Roosevelt suggests that when Americans are seen as "Americans," a clear vision of national affairs emerges. Roosevelt suggests that the lack of a hyphenated American ensures that we are able to judge nations appropriately. For example, France can be judged as France and not as French- Americans. Roosevelt argues that this perspective is essential in understanding the development of World War I:  

I would condemn the American citizen who acted as "English- American" just as strongly as I condemn the American citizen who acts as a "German- American."...If British warcraft had subjugated German passenger vessels and taken the lives of hundreds of men, women, and children, as German submarines did in the case of the Lusitania, the Arabic and other vessels, I would have condemned any "English- American" who excused the act as unhesitatingly as I have condemned and now condemn the "German- Americans" who now defend or apologize for the actions of the German submarines.

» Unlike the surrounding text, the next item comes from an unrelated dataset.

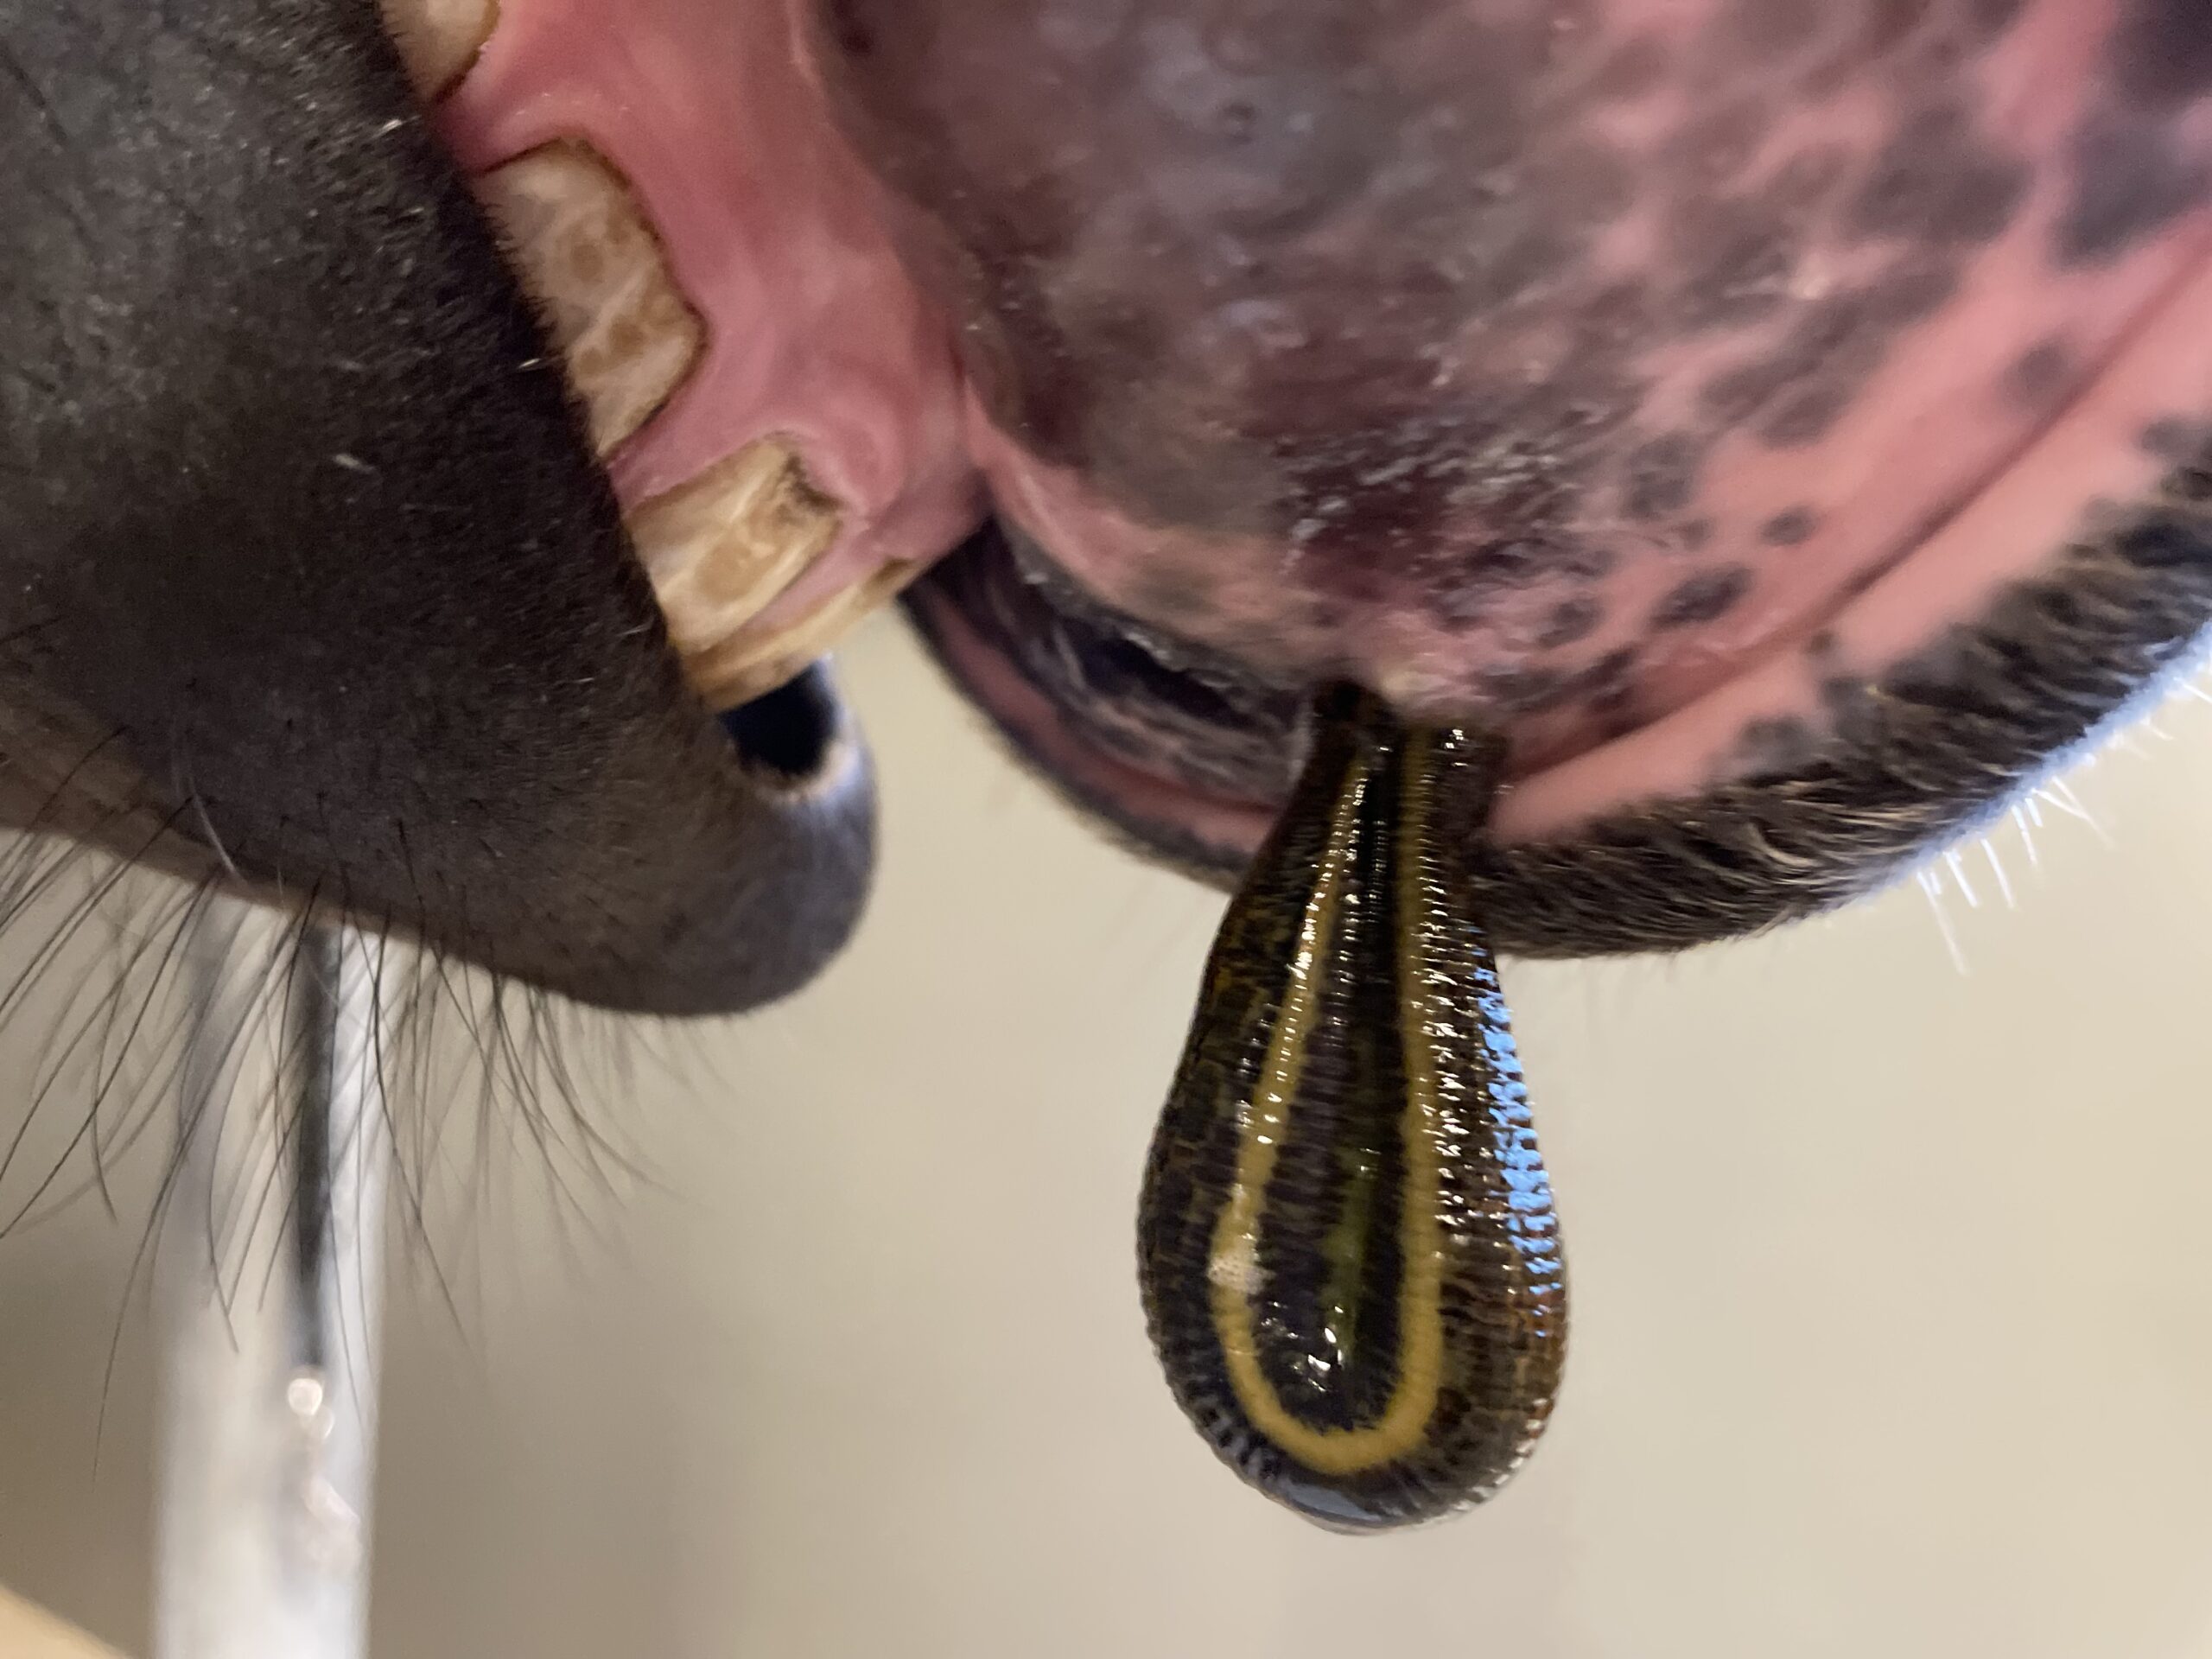 hirudotherapy horse leeches

Roosevelt sees the hyphenated American as one with divided loyalties.  For example, Roosevelt sees the person who classifies themselves as "German- American" holding loyalties to both nations.  Roosevelt believes that such individuals should only hold loyalty towards America, as living this dual construction amounts to "moral treason."  In a wartime setting, Roosevelt suggests that absolute moral and political loyalty, devoid of the hyphen, is critical.  Roosevelt suggests that this clarity and simplicity in national affiliation is where American success in war and victory lies: "If every mother in our country would make the same offer [sacrificing her children for the American war effort], there would be no need for any mother to send her sons to war." Thinking as "typically American" is Roosevelt's motivating force. He sees it as the necessary ingredient in wartime situations.

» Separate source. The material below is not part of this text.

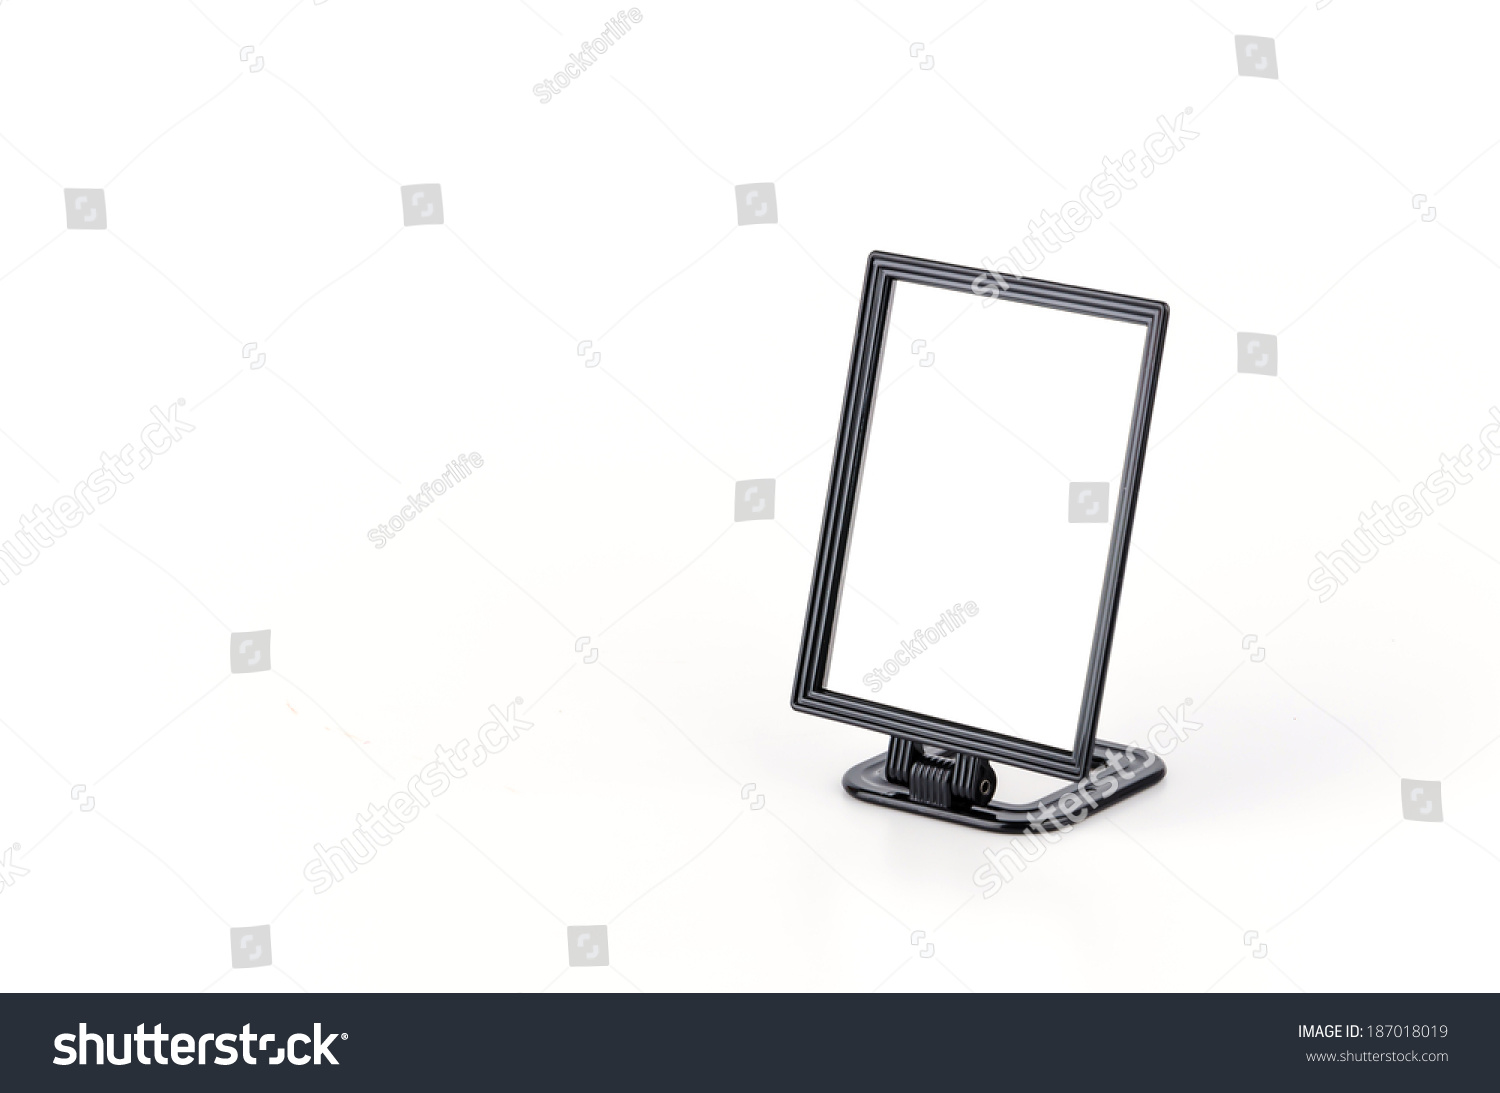 Mirror Isolated White Background Stock Photo 187018019 - Shutterstock

Roosevelt mentions specific groups in his analysis.  Most of them come from the European speaking world. Roosevelt speaks toward the Irish, German, Norwegian, Polish, as well as Italian, British, and French constructions of ethnic identity. Groups from the non- European world are excluded.  Roosevelt also does not acknowledge the condition of African- Americans, a group asked to make the ultimate sacrifice for freedom and democracy when being denied those very rights within their nation.  Yet, the immigrant of the time period would have zealously supported Roosevelt's position.  It is one that speaks to the opportunity ideology that permeated the immigrant's mindset.  The ending call of "America for Americans" speaks to a larger vision that appealed to the immigrant sensibility.  In this umbrella notion of America, the immigrant's hopes and dreams are activated, something that Roosevelt articulated in his speech.